Custom failure enrichers #

Flink provides a pluggable interface for users to register their custom logic and enrich failures with extra metadata labels (string key-value pairs). This enables users to implement their own failure enrichment plugins to categorize job failures, expose custom metrics, or make calls to external notification systems.

FailureEnrichers are triggered every time an exception is reported at runtime by the JobManager. Every FailureEnricher may asynchronously return labels associated with the failure that are then exposed via the JobManager’s REST API (e.g., a ’type:System’ label implying the failure is categorized as a system error).

Implement a plugin for your custom enricher #

To implement a custom FailureEnricher plugin, you need to:

  • Add your own FailureEnricher by implementing the FailureEnricher interface.

  • Add your own FailureEnricherFactory by implementing the FailureEnricherFactory interface.

  • Add a service entry. Create a file META-INF/services/org.apache.flink.core.failure.FailureEnricherFactory which contains the class name of your failure enricher factory class (see Java Service Loader docs for more details).

Then, create a jar which includes your FailureEnricher, FailureEnricherFactory, META-INF/services/ and all external dependencies. Make a directory in plugins/ of your Flink distribution with an arbitrary name, e.g. “failure-enrichment”, and put the jar into this directory. See [Flink Plugin]({% link deployment/filesystems/plugins.md %}) for more details.

Note that every FailureEnricher should have defined a set of output keys that may be associated with values.

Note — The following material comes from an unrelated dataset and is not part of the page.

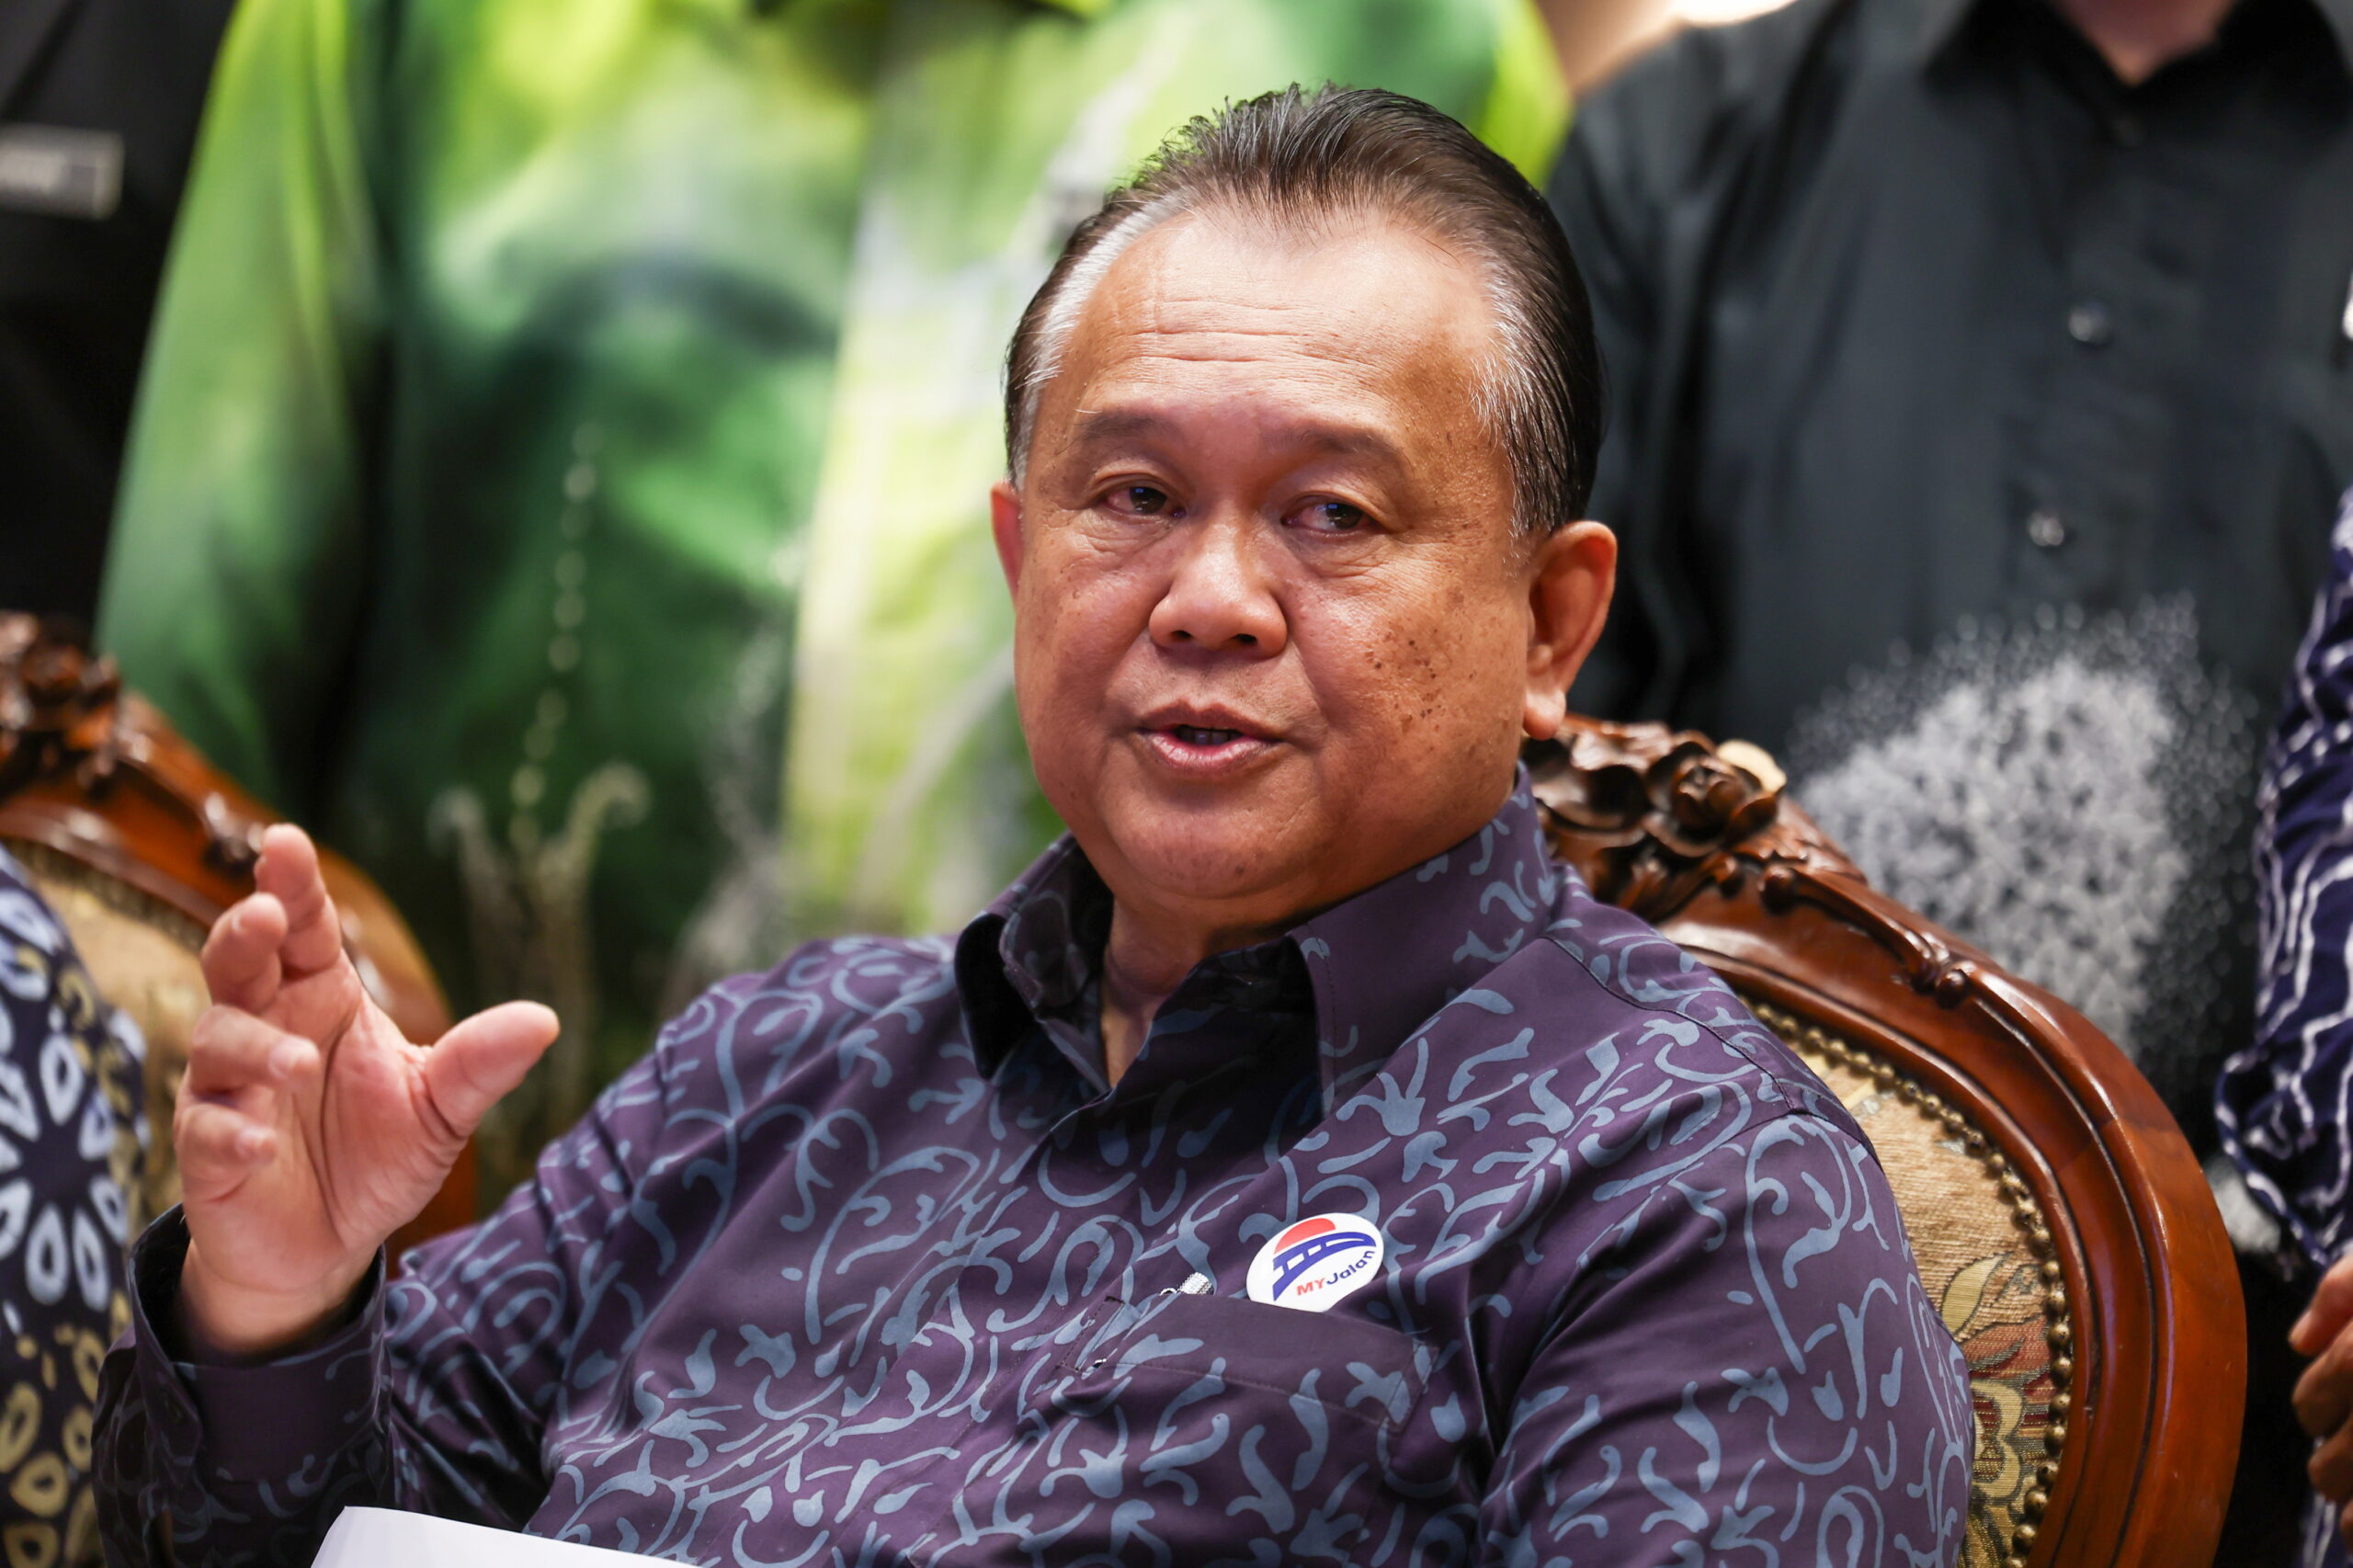 Projek Pan Borneo Sarawak dapat disiapkan tahun ini: Nanta

This set of keys has to be unique otherwise all enrichers with overlapping keys will be ignored.

FailureEnricherFactory example:

package org.apache.flink.test.plugin.jar.failure;

public class TestFailureEnricherFactory implements FailureEnricherFactory {

   @Override
   public FailureEnricher createFailureEnricher(Configuration conf) {
        return new CustomEnricher();
   }
}

FailureEnricher example:

package org.apache.flink.test.plugin.jar.failure;

public class CustomEnricher implements FailureEnricher {
    private final Set<String> outputKeys;
    
    public CustomEnricher() {
        this.outputKeys = Collections.singleton("labelKey");
    }

    @Override
    public Set<String> getOutputKeys() {
        return outputKeys;
    }

    @Override
    public CompletableFuture<Map<String, String>> processFailure(
            Throwable cause, Context context) {
        return CompletableFuture.completedFuture(Collections.singletonMap("labelKey", "labelValue"));
    }
}

Configuration #

The JobManager loads FailureEnricher plugins at startup. To make sure your FailureEnrichers are loaded all class names should be defined as part of jobmanager.failure-enrichers configuration. If this configuration is empty, NO enrichers will be started. Example:

    jobmanager.failure-enrichers = org.apache.flink.test.plugin.jar.failure.CustomEnricher

Validation #

To validate that your FailureEnricher is loaded, you can check the JobManager logs for the following line:

    Found failure enricher org.apache.flink.test.plugin.jar.failure.CustomEnricher at jar:file:/path/to/flink/plugins/failure-enrichment/flink-test-plugin.jar!/org/apache/flink/test/plugin/jar/failure/CustomEnricher.class

Moreover, you can query the JobManager’s REST API looking for the failureLabels field:

    "failureLabels": {
        "labelKey": "labelValue"
    }